Bond issue by municipality—Section 2835, Revised Statutes-Bond
issue for equipping buildings of fire department-For apparatus other than fire engines—Interpretation of Section 2835-27, Revised Statutes-Power of municipal corporation to appropriate money for specific purpose-Requirement of law that money be in treasury before appropriation-Section 1536-205, Revised Statutes-Does not apply to appropriation from sale of bonds, when.
1. A municipal corporation may, under Section 2835, Revised
Statutes, issue its bonds for the purpose of equipping buildings used by its fire department with apparatus other than, or in addition to fire engines. The special provisions of paragraph 27 do not govern the general provisions of paragraph 2 of
that section. 2. The council of a municipal corporation may, by ordinance, ap
propriate money and authorize the directors of public safety to enter into contracts for an authorized purpose, and in such case the particular contract made by the directors to effect that purpose, if within the appropriation and the authority, does
not have to be approved by council. 3. Section 1536-205, Revised Statutes, providing that no contract,
agreement or other obligation involving the expenditure of money shall be entered into, nor shall any ordinance, resolution or other order for the expenditure of money, be passed by the council or by any board or officer of the municipal corporation, unless the auditor of the corporation shall first certify to council that the money required for the contract, agreement or other obligation, or to pay the appropriation or expenditure, is in the treasury to the credit of the fund from which it is to be drawn and not appropriated for any other purpose, does not apply to an ordinance appropriating the money obtained by council, from a sale of bonds made by it, to the purpose for which the bonds were sold.
(No. 11709—Decided October 19, 1909.)
ERROR to the Circuit Court of Summit county.
Argument for Plaintiffs in Error.
The facts are stated in the opinion.
Mr. Nicholas M. Greenberger, city solicitor, Mr. Jonathan Taylor, assistant city solicitor, and Messrs. Rogers & Rowley, for plaintiffs in error.
The sole question presented in the record is whether the city of Akron under the provisions of the so-called Longworth Act, Section 2835, Revised Statutes, is authorized to issue bonds and disburse the proceeds by the purchase of the apparatus in question. The plaintiff relies upon two sections of this act. Sections 2835-27 and 2835-2, Revised Statutes.
Under sub-section 2835-27 the plaintiff is clearly authorized to purchase the apparatus herein described. By its express terms it empowers the city to issue bonds to purchase "fire engines.” The apparatus in question is a fire engine. Technically it is called a combination chemical engine and hose wagon. The name “combination chemical engine and hose wagon” is descriptive in its character and describes the particular class of fire engines to which this apparatus belongs.

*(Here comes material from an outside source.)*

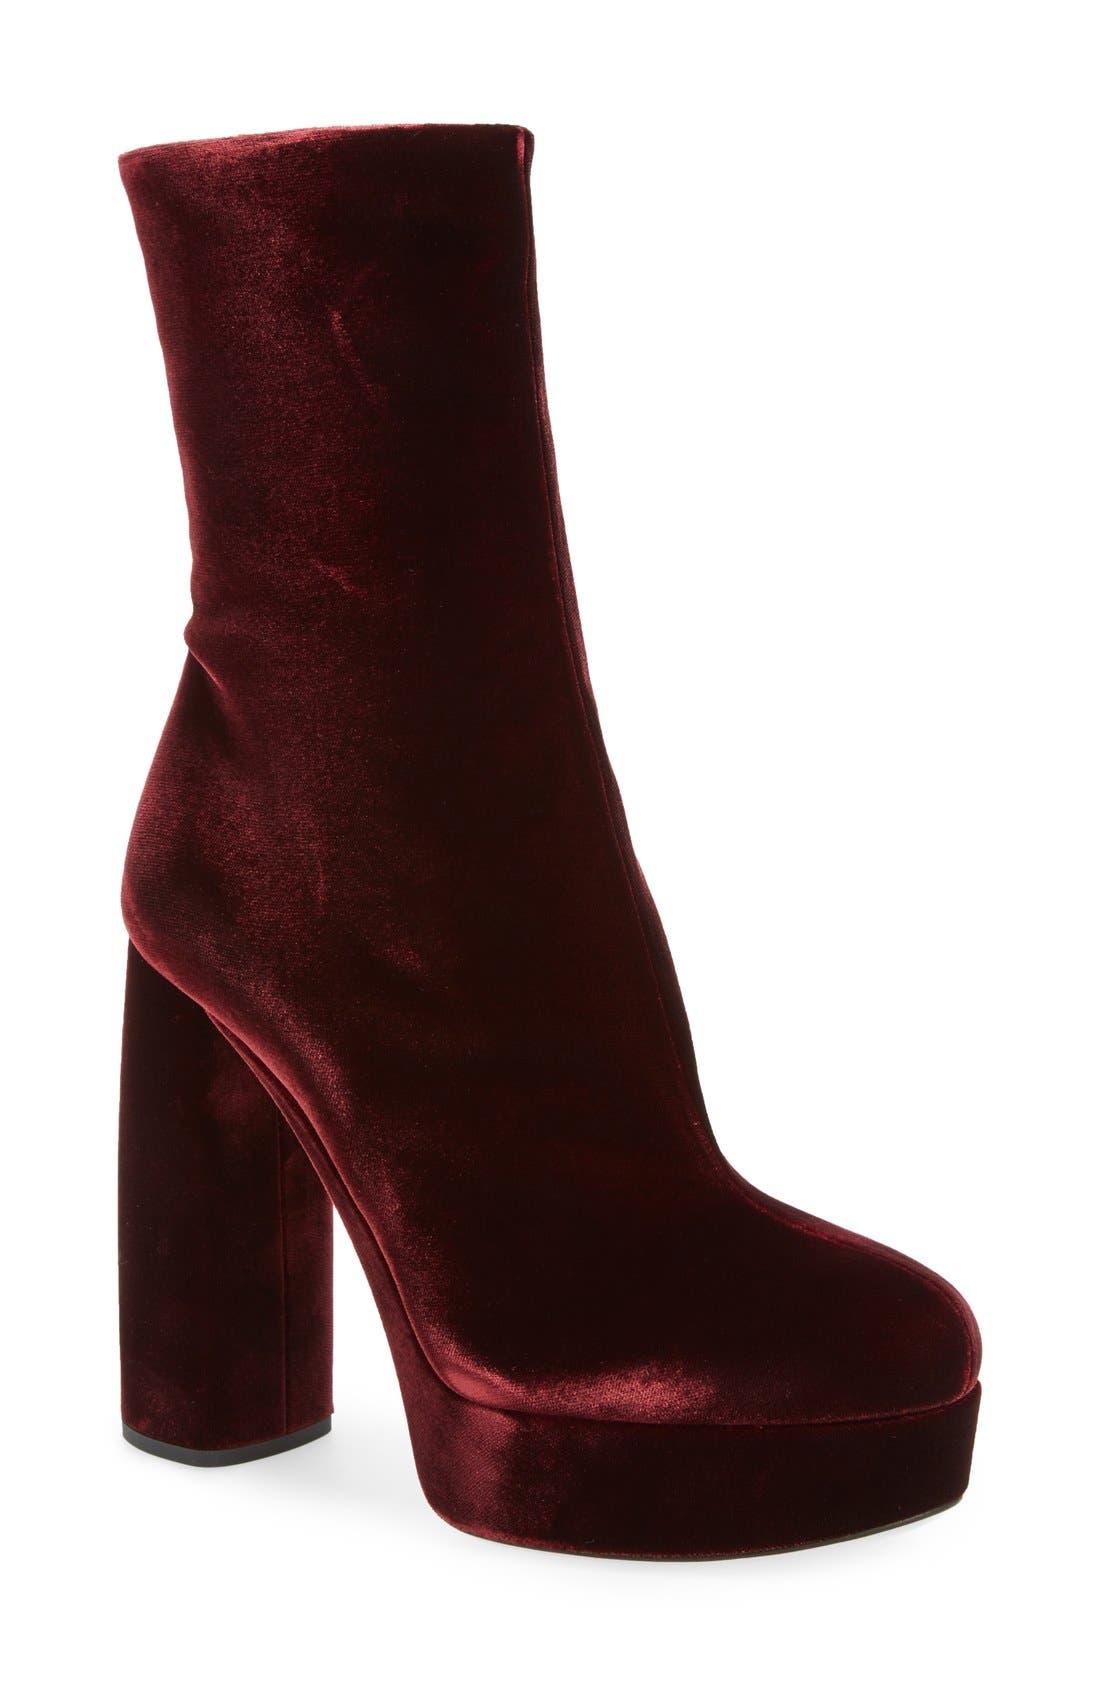 Main Image - Miu Miu Platform Block Heel Boot (Women)

The restricted construction placed upon this statute by the circuit court, limiting the term “fire engine" to steam fire engine, is not warranted either by the plain language of the statute or the evident intention of the legislature as gathered from the facts and circumstances of which they must be presumed to have had knowledge. Definition of "fire engine,” in Century Dictionary and Standard Dictionary.
Argument for Plaintiffs in Error.
The language of Section 2835-27, Revised Statutes, is broad and comprehensive. It was intended to confer upon the city full power to make a building useful after it was erected by equipping it and enjoying it. Definition of “equip” and “equipment” in Standard Dictionary and Century Dictionary.
The courts upon a number of occasions have had occasion to define the word "equipment" and we call attention to these definitions found in 3 Words & Phrases Judicially Defined, 2432. Gleim v. Steamboat Belmont, 11 Mo., 112; Rubey v. Coal & Mining Co., 21 Mo. App., 159; Appeal Tax Court v. St. Peter's Academy, 50 Md., 321; People v. Railway Co., 52 N. E. Rep., 292; Railway Co. v. Hoyt, 89 Wis., 314, 62 N. W. Rep., 189; Railway Co. v. Sandal, 3 Willson (Tex.), 379.
As to the construction which should be given acts such as the one under consideration we call attention to the case of Rock Creek v. Strong, 24 Law Ed., 815.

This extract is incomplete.